A security analytics engine processes this data, triggering alerts based on specified rules or filters—it identifies security events and classifies them according to severity. XDR detects security incidents using the best big data analytics technique. It examines network activity to identify behavioral patterns across different security layers that might indicate a sophisticated attack.
XDR correlates strings of events and marks them as malicious, saving time for security analysts, who can then investigate the events further. By cross-correlating diverse information, XDR identifies patterns that an individual solution cannot see. Furthermore, XDR analytics become more effective with more rules, layers, and sources, although data quality is also important:
- Rules—XDR leverages cloud infrastructure to enable frequent new and modified threat detection rules. Machine learning techniques can refine these rules over time to improve fidelity.
- Sources—threat intelligence drives the evolution of new threat detection models.
- Layers—each additional security layer improves the cross-layer analysis.
Digital Forensics and Big Data Analytics
Digital forensics and incident response (DFIR) solutions identify, remediate, and investigate cybersecurity incidents. This digital forensics encompasses collecting and analyzing forensic evidence to produce detailed event insights.

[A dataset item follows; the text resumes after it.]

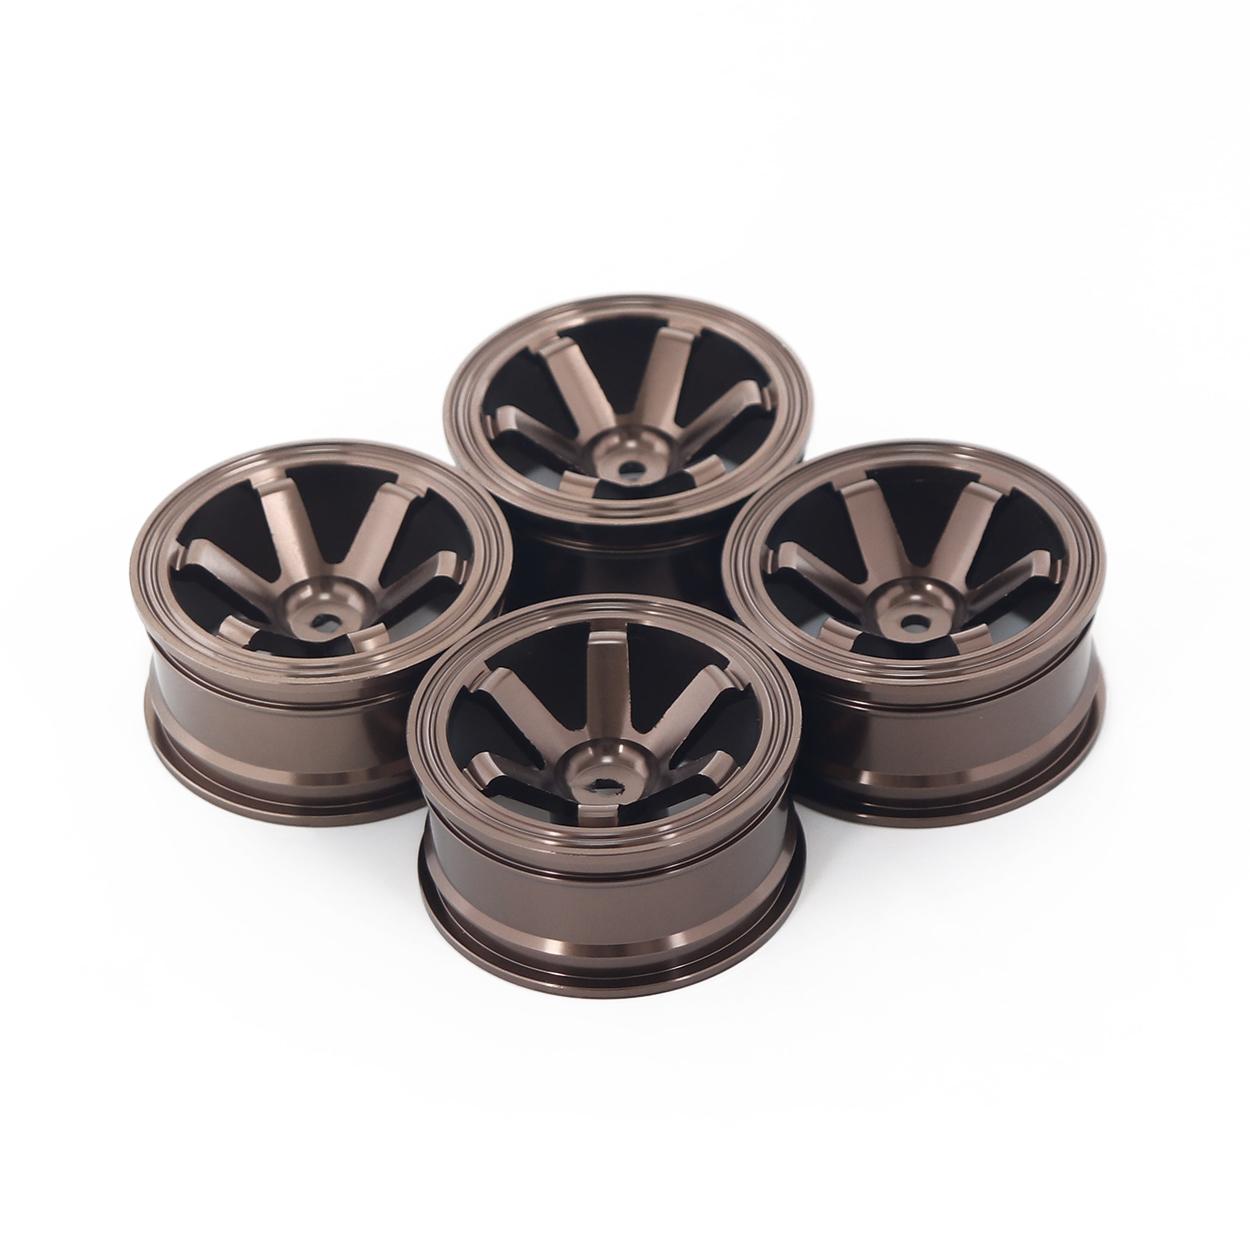 4PCS Metal Wheel Rim 1.9 Inch BEADLOCK for 1/10 RC Rock Crawler Axial SCX10 90046 AX103007 TAMIYA CC01 D90 TF2 Traxxas TRX-4 Six-spoke coffee

The incident response process typically involves blocking, containing, and preventing attacks.
The combined capabilities of DFIR allow businesses to close security gaps quickly and restore operations, providing crucial evidence for identifying and prosecuting cybercriminals.

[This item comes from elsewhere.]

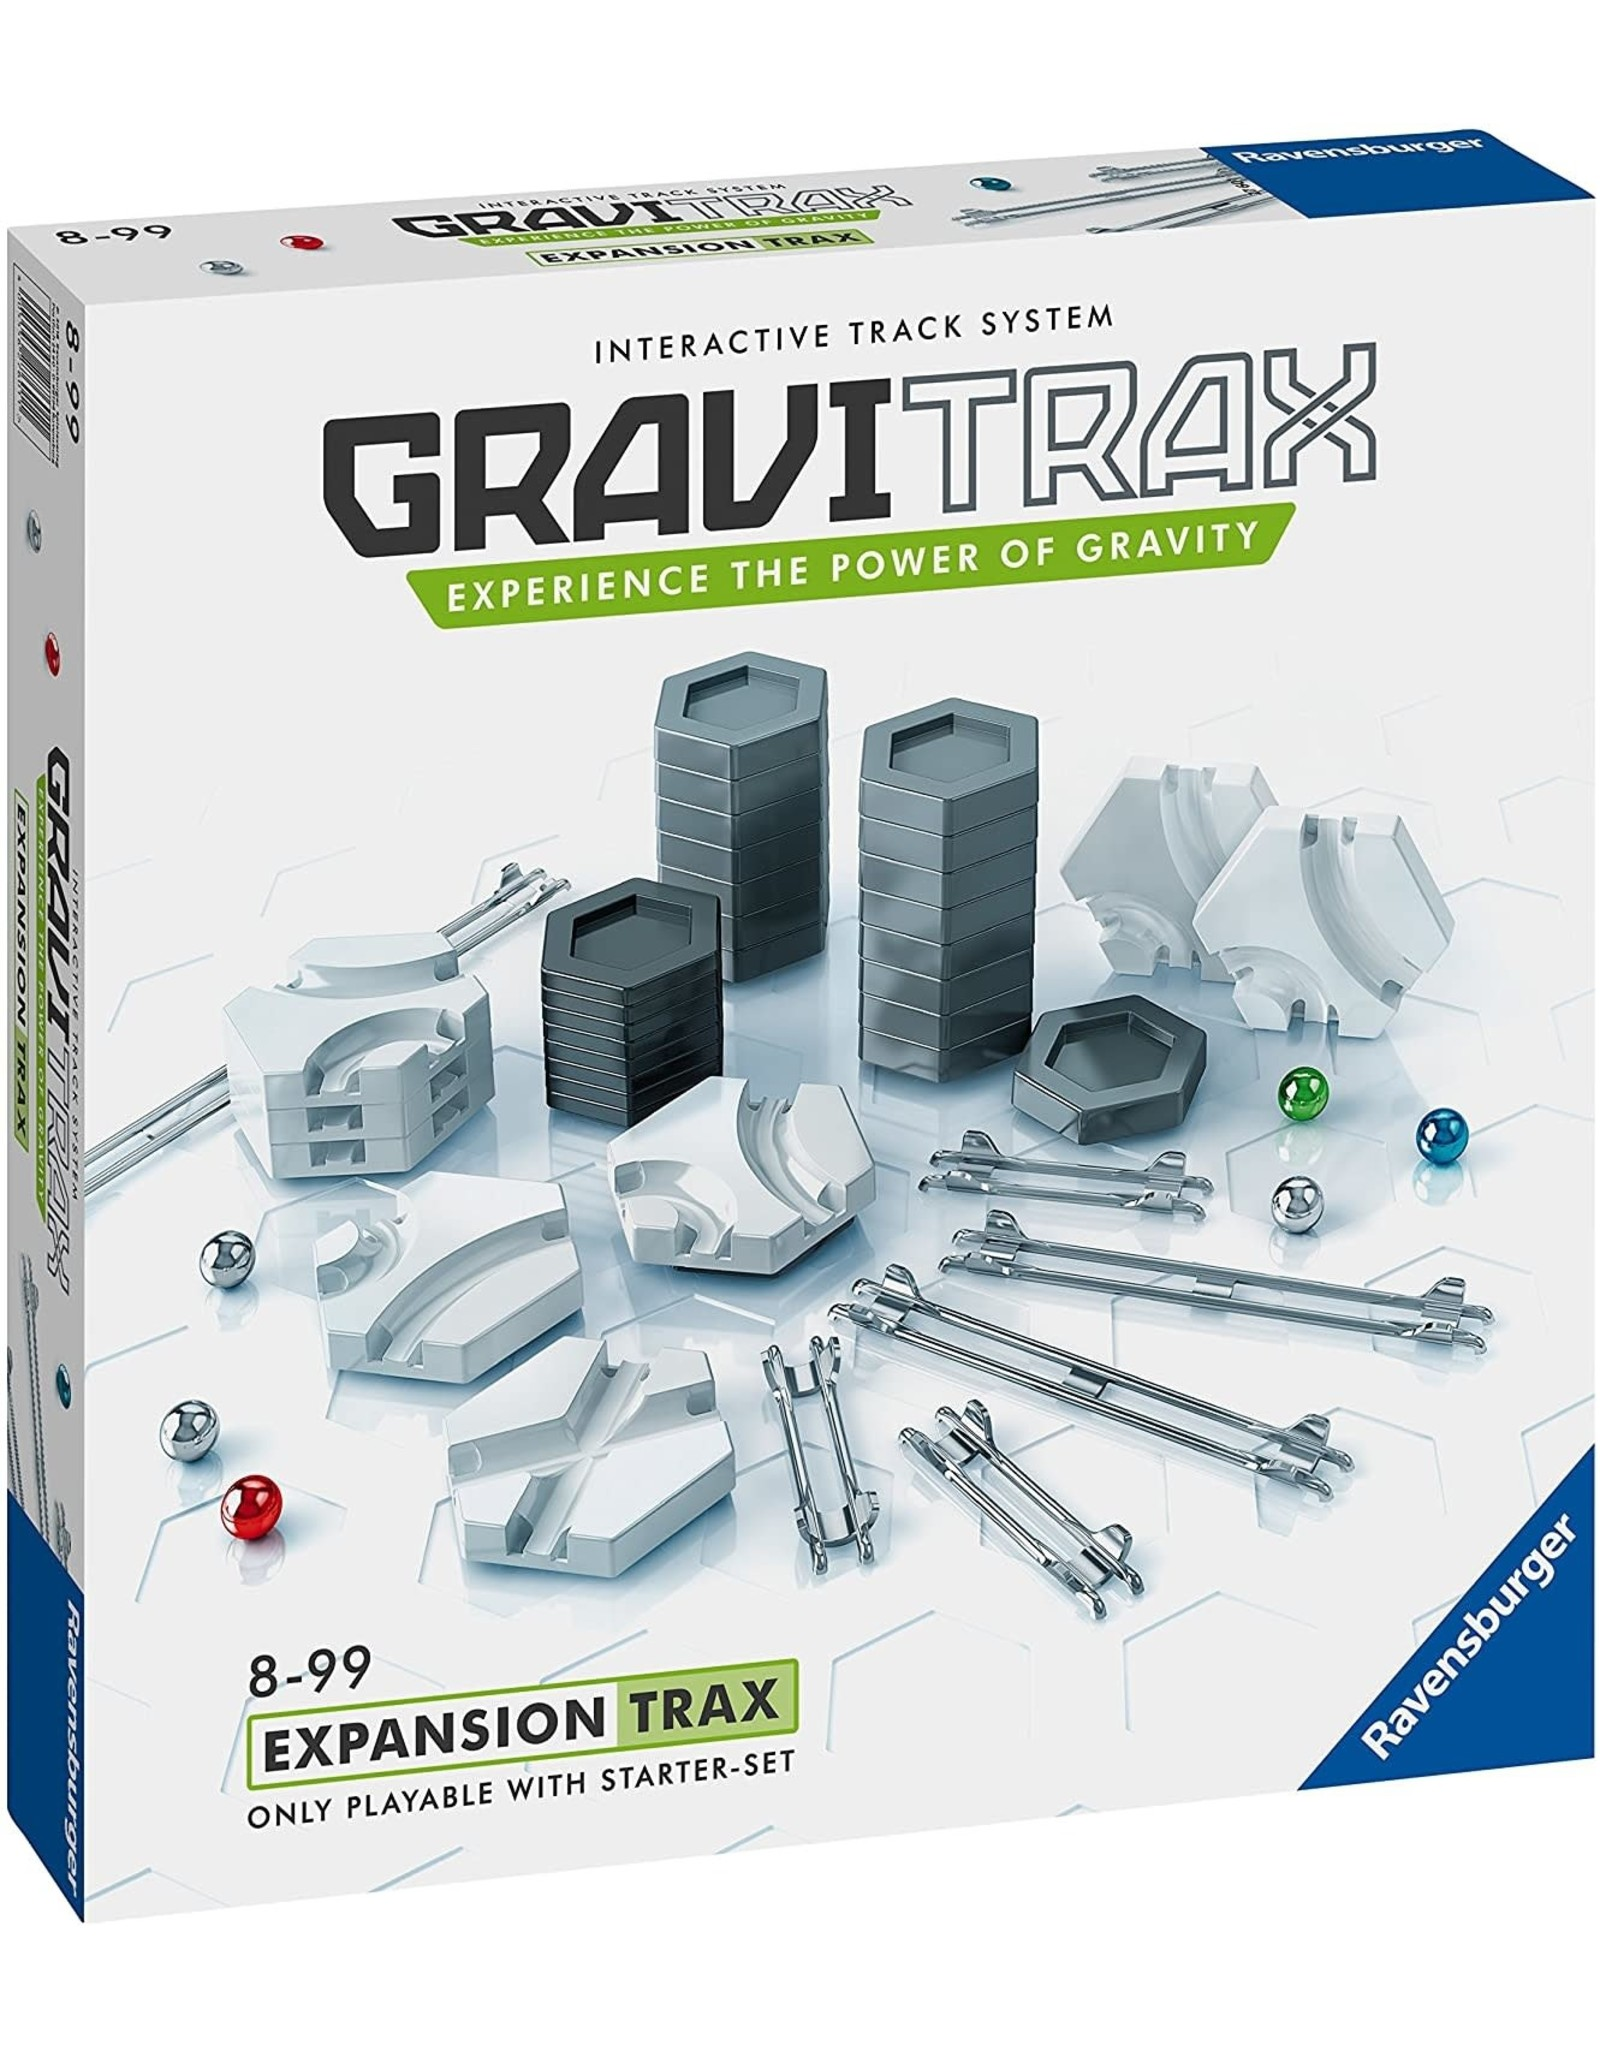 Gravitrax Expansion: Trax

Here is how the four V’s of big data relate to digital forensics:
- Volume—the amount of data collected from compromised devices.
- Variety—the different data and file types present in a medium.

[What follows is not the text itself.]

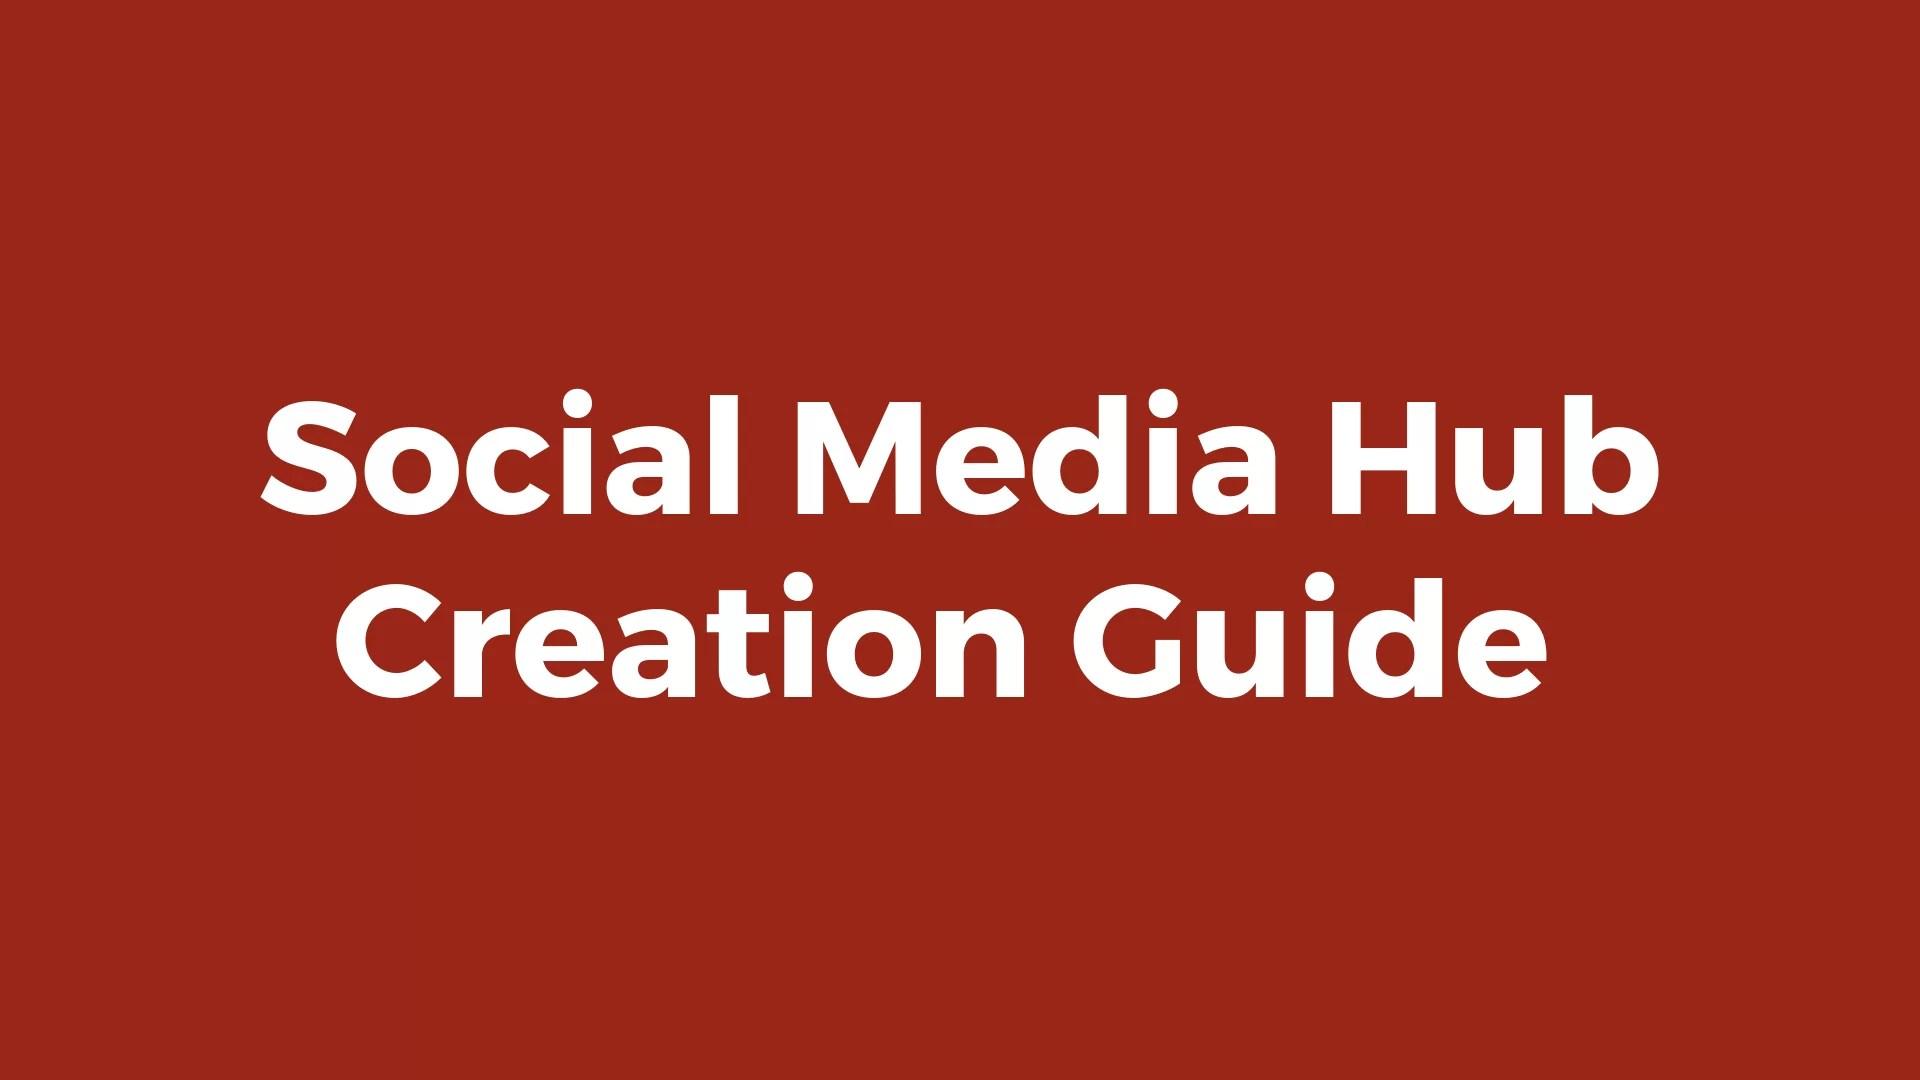 Social Media Hub Creation Guide

- Velocity—the amount of time required to collect and process the forensic data.
- Value—the data’s value in intelligence extracted with popper processing.
Big data analytics often involves structured and unstructured data. Structured data often includes numbers, dates, phrases, or other strings of information. It is easy to store in databases and retrieve for investigations. Various tools can process structured data by parsing user data, converting data to presentable formats, and prioritizing specific structures.
Unstructured data has no predefined data model and is often difficult to organize. It may include various forms of text, video and audio files, social media accounts, and web pages. Complex search queries are often necessary to make sense of unstructured data.
The extraction of structured intelligence enables big data investigation, allowing examiners to view actionable datasets. This process typically involves phased actions to convert structured and unstructured data into tangible analysis formats. Many law enforcement agencies don’t extract intelligence from their stored data for use in forensic and behavioral analytics.
Big data analytics makes it easier for forensic examiners to search for specific issues and identify patterns. Additionally, advanced search techniques provide instant results when examiners search for data strings.
SIEM and Big Data Analytics
Security information and event management (SIEM) systems centralize the collection, correlation, and analysis of log data and alerts across various security tools. Traditional SIEM systems employ correlation rules to automatically identify security incidents and push alerts to relevant parties. These features provide context on events, users, and devices throughout the organization, offering the data needed to perform advanced analytics.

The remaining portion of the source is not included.